16.9.8. Using Virtuoso Crawler
Using Virtuoso Crawler (which includes the Sponger options so you crawl non-RDF but get RDF and this can go to the Quad Store).
Go to Conductor UI. For ex. at http://example.com/conductor :
Figure 16.86. Using Virtuoso Crawler
Enter admin user credentials:
Figure 16.87. Using Virtuoso Crawler
Go to tab Web Application Server:
Figure 16.88. Using Virtuoso Crawler
Go to tab Content Imports:
Figure 16.89. Using Virtuoso Crawler
Click the "New Target" button:
Figure 16.90. Using Virtuoso Crawler
In the shown form set respectively:
"Target description": Tim Berners-Lee's electronic Business Card
"Target URL": http://www.w3.org/People/Berners-Lee/ ;
"Copy to local DAV collection " for ex.: /DAV/home/demo/my-crawling/ ;
Choose from the list "Local resources owner": demo ;
Leave checked by default the check-box "Store documents locally". -- Note: if "Store document locally" is not checked, then in this case no documents will be save as DAV resource and the specified DAV folder from above will not be used ;
Check the check-box with label "Store metadata" ;
Specify which cartridges to be involved by hatching their check-box ;
Note: when selected "Convert Link", then all HREFs in the local stored content will be relative.

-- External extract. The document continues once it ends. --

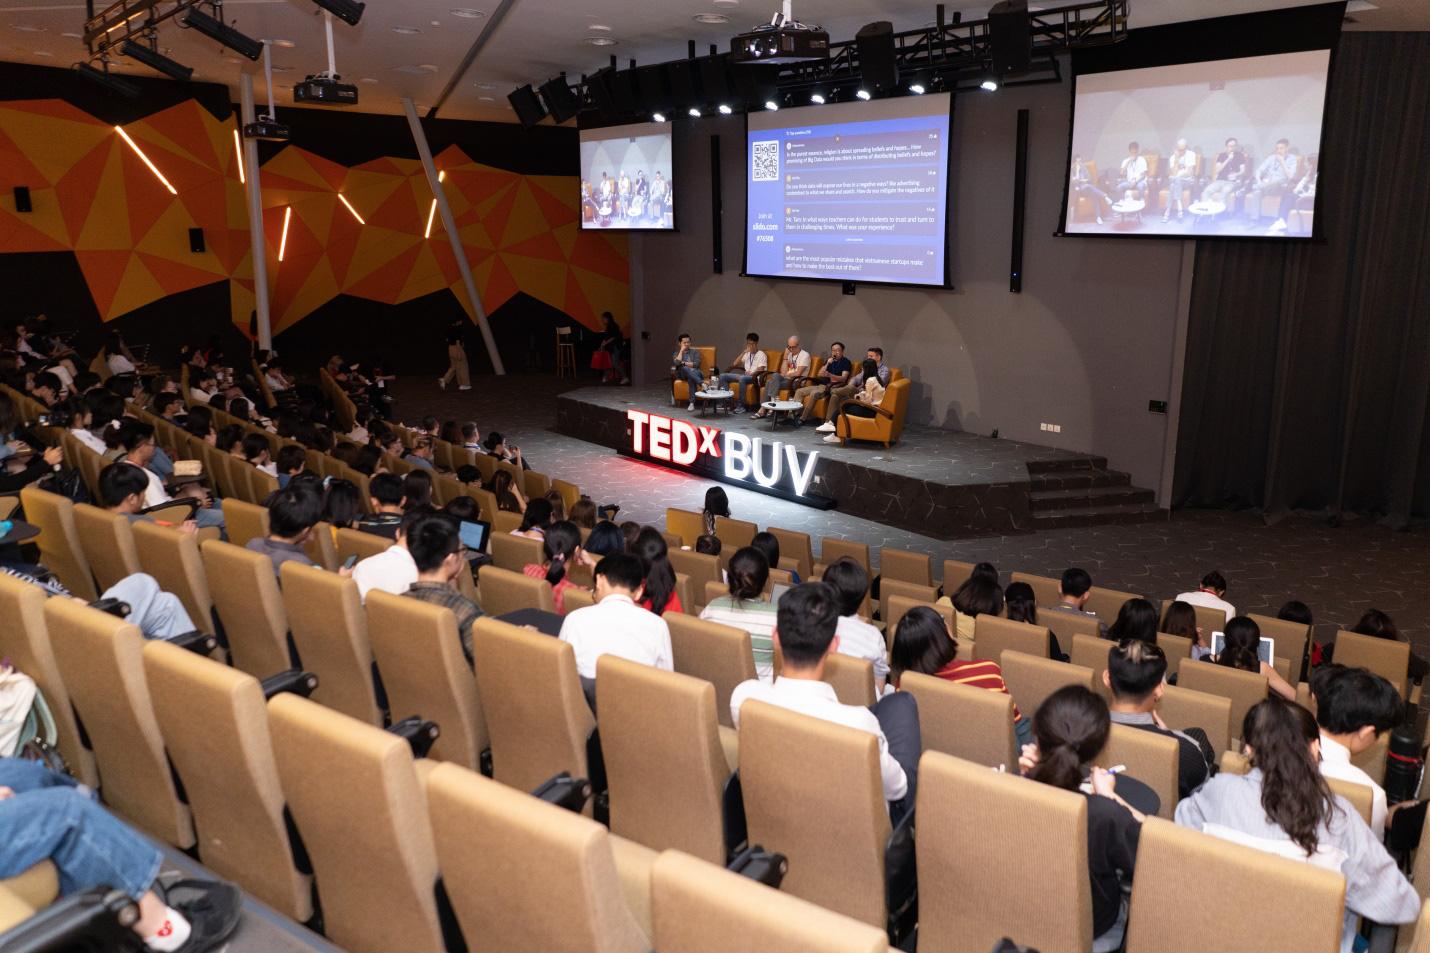 """TEDxBUV: """"Press Play"""" – Chương trình diễn thuyết tầm cỡ quốc tế mang đậm dấu ấn sinh viên - Ảnh 2."""

Figure 16.91. Using Virtuoso Crawler
Figure 16.92. Using Virtuoso Crawler
Click the button "Create":
Figure 16.93. Using Virtuoso Crawler
Click the button "Import Queues":
Figure 16.94. Using Virtuoso Crawler
For "Robot target" with label "Tim Berners-Lee's electronic Business Card" click "Run".
As result should be shown the number of the pages retrieved.
Figure 16.95. Using Virtuoso Crawler
Example: Use of schedular to interface Virtuoso Quad Store with PTSW using the following program:
create procedure PTSW_CRAWL () { declare xt, xp any; declare content, headers any; content := http_get ('http://pingthesemanticweb.com/export/', headers); xt := xtree_doc (content); xp := xpath_eval ('//rdfdocument/@url', xt, 0); foreach (any x in xp) do { x := cast (x as varchar); dbg_obj_print (x); { declare exit handler for sqlstate '*' { log_message (sprintf ('PTSW crawler can not load : %s', x)); }; sparql load ?:x into graph ?:x; update DB.DBA.SYS_HTTP_SPONGE set HS_LOCAL_IRI = x, HS_EXPIRATION = null WHERE HS_LOCAL_IRI = 'destMD5=' || md5 (x) || '&graphMD5=' || md5 (x); commit work; } } } ; insert soft SYS_SCHEDULED_EVENT (SE_SQL, SE_START, SE_INTERVAL, SE_NAME) values ('DB.DBA.PTSW_CRAWL ()', cast (stringtime ('0:0') as DATETIME), 60, 'PTSW Crawling');